The conjecture is easy to show true for $m=2$, so that is left to the reader as a fun exercise. The case $m=3$ is a bit more messy, so I present it here. The messiness grows quadratically (the case-by-case proof for the $m=n$ involves $n^2-n$ terms at least) with $m$, and I have thus far not had the patience to check any $m\ge4$.
Proof: ($m=3$)
Since $1-z^m=\prod_{k=0}^{m-1}(1-\zeta_m^kz)$, we have that $$ (1-z^3)p_{3,1}(z)=(1-\zeta_3z)(1-\zeta_3^2z)+\zeta_3^2(1-z)(1-\zeta_3^2z)+\zeta_3(1-z)(1-\zeta_3z). $$ This is $$\begin{align} (1-z^3)p_{3,1}(z)=&1-(\zeta_3+\zeta_3^2)z+\zeta_3^3z^2\\ &+\zeta_3^2(1-(1+\zeta_3^2)z+\zeta_3^2z^2)\\ &+\zeta_3(1-(1+\zeta_3)z+\zeta_3z^2)\\ =&1+\zeta_3+\zeta_3^2\\ &-3(\zeta_3+\zeta_3^2)z\\ &+(1+\zeta_3+\zeta_3^2)z^2\\ =&3z. \end{align}$$ Next up, we have $$(1-z^3)p_{3,2}(z)=(1-\zeta_3z)(1-\zeta_3^2z)+\zeta_3(1-z)(1-\zeta_3z)+\zeta_3^2(1-z)(1-\zeta_3^2z).$$ This is $$\begin{align} (1-z^3)p_{3,2}(z)=&1-(\zeta_3+\zeta_3^2)z+z^2\\ &+\zeta_3(1-(1+\zeta_3^2)z+\zeta_3^2z^2)\\ &+\zeta_3^2(1-(1+\zeta_3)z+\zeta_3z^2)\\ =&1+\zeta_3+\zeta_3^2\\ &+(1+\zeta_3+\zeta_3^2)z\\ &+(1+1+1)z^2\\ =&3z^2. \end{align}$$ And we are done. $\square$
Progress on Proof: Suppose that $A\subset \Bbb C\setminus\{0\}$ is a finite set of size $n$. Then we have $$\prod_{a\in A}(1-az)=\sum_{k=0}^{n}(-z)^k\sum_{{U\subset A}\atop{\#U=k}}\prod_{p\in U}p.$$ Taking $A=S_n=\{\zeta_n^k:k=0,1,...,n-1\}$ we have that $\prod_{a\in A}(1-az)=1-z^n$, so that $$\sum_{{U\subset S_n}\atop{\#U=k}}\prod_{p\in U}p=0,\qquad \text{for }1\le k\le n-1.$$ Perhaps this will be useful when we note that $$(1-z^m)p_{m,j}(z)=\sum_{k=0}^{m-1}\sum_{v=0}^{m-1}(-z)^v\zeta_{m}^{-kj}\sum_{{U\subset S_m\setminus \{\zeta_m^k\}}\atop{\#U=v}}\prod_{p\in U}p.$$ Specifically, it could be used to show that $$(-1)^v\sum_{k=0}^{m-1}\zeta_m^{-kj}\sum_{{U\subset S_m\setminus \{\zeta_m^k\}}\atop{\#U=v}}\prod_{p\in U}p=m\delta_{v,j},\tag2$$ with $\delta_{a,b}$ being the Kronecker delta. From this point I am stuck.

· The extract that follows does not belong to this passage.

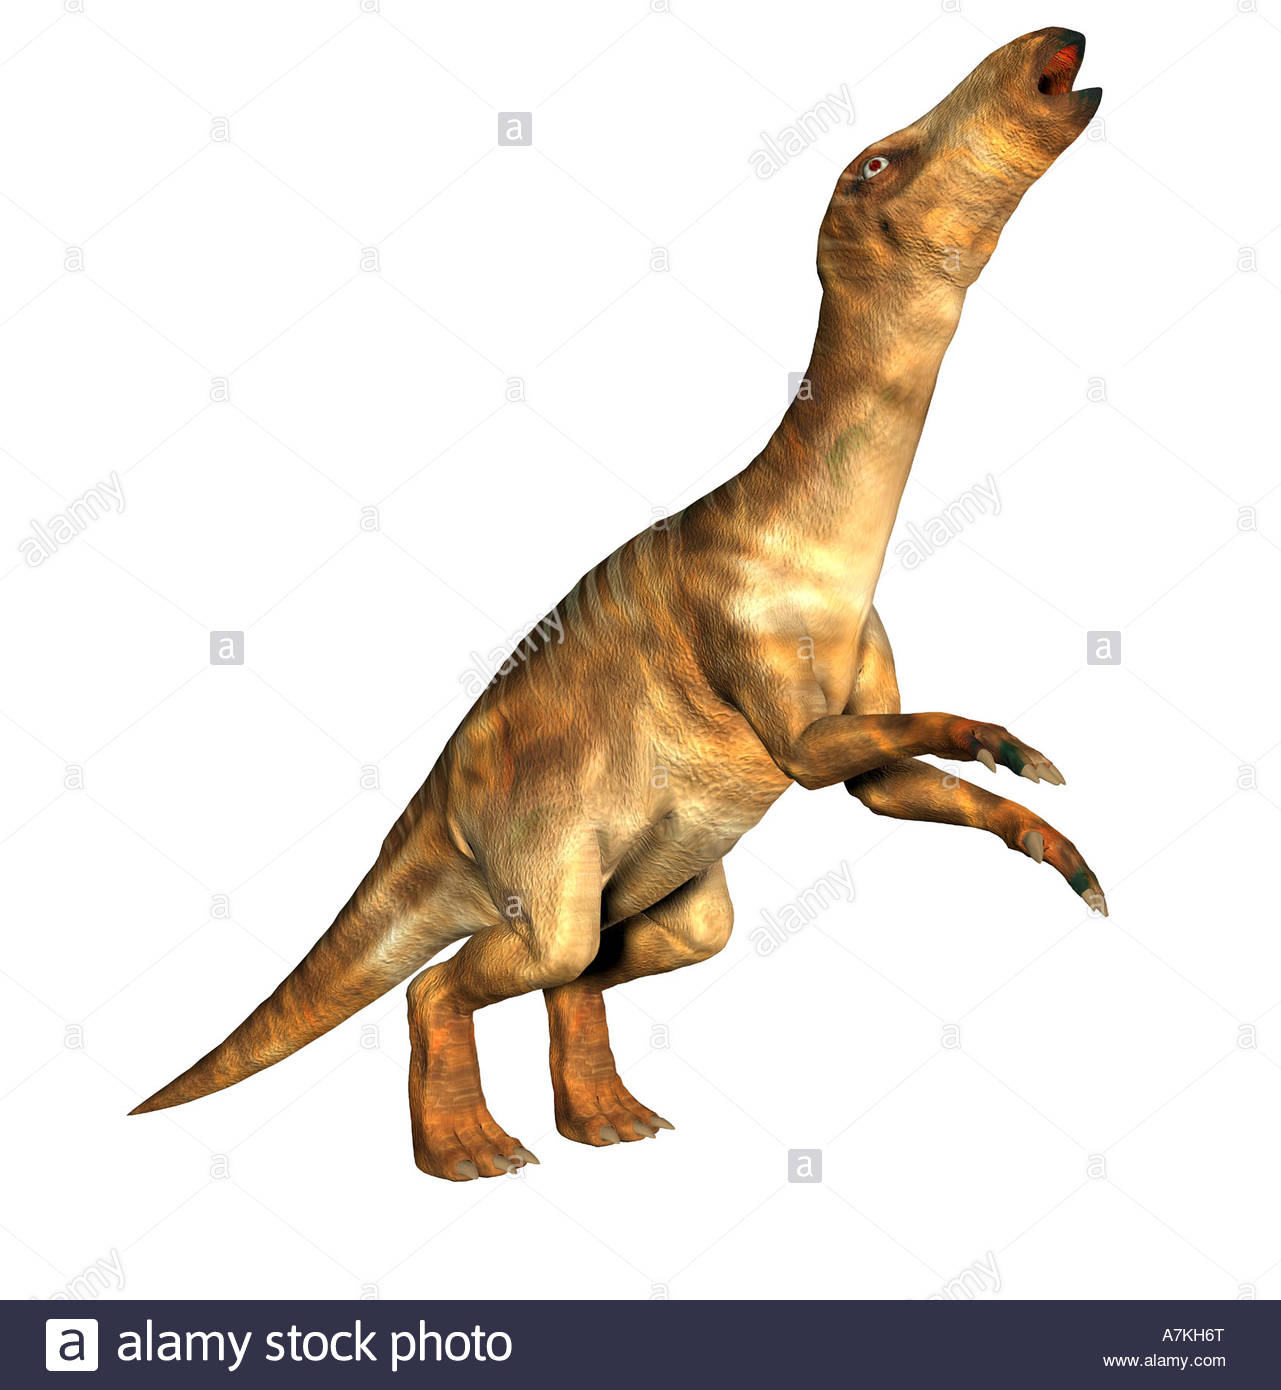 Iguanodon Dinosaur Stock Photo, Royalty Free Image: 11863007.

Can anyone help me prove $(2)$? or $(1)$? Thank you very much!
$(1)$ is simply an application of PFD. Since $1-z^m=\prod_{k=0}^{m-1}(1-\zeta_m^k z)$, we have (for fixed $m$ and $j$) $$\frac{mz^j}{1-z^m}=\sum_{k=0}^{m-1}\frac{\alpha_k}{1-\zeta_m^k z},\quad\alpha_k=\lim_{z\to\zeta_m^{-k}}\frac{mz^j}{1-z^m}(1-\zeta_m^k z),$$ giving $(1)$ after evaluation of the limit.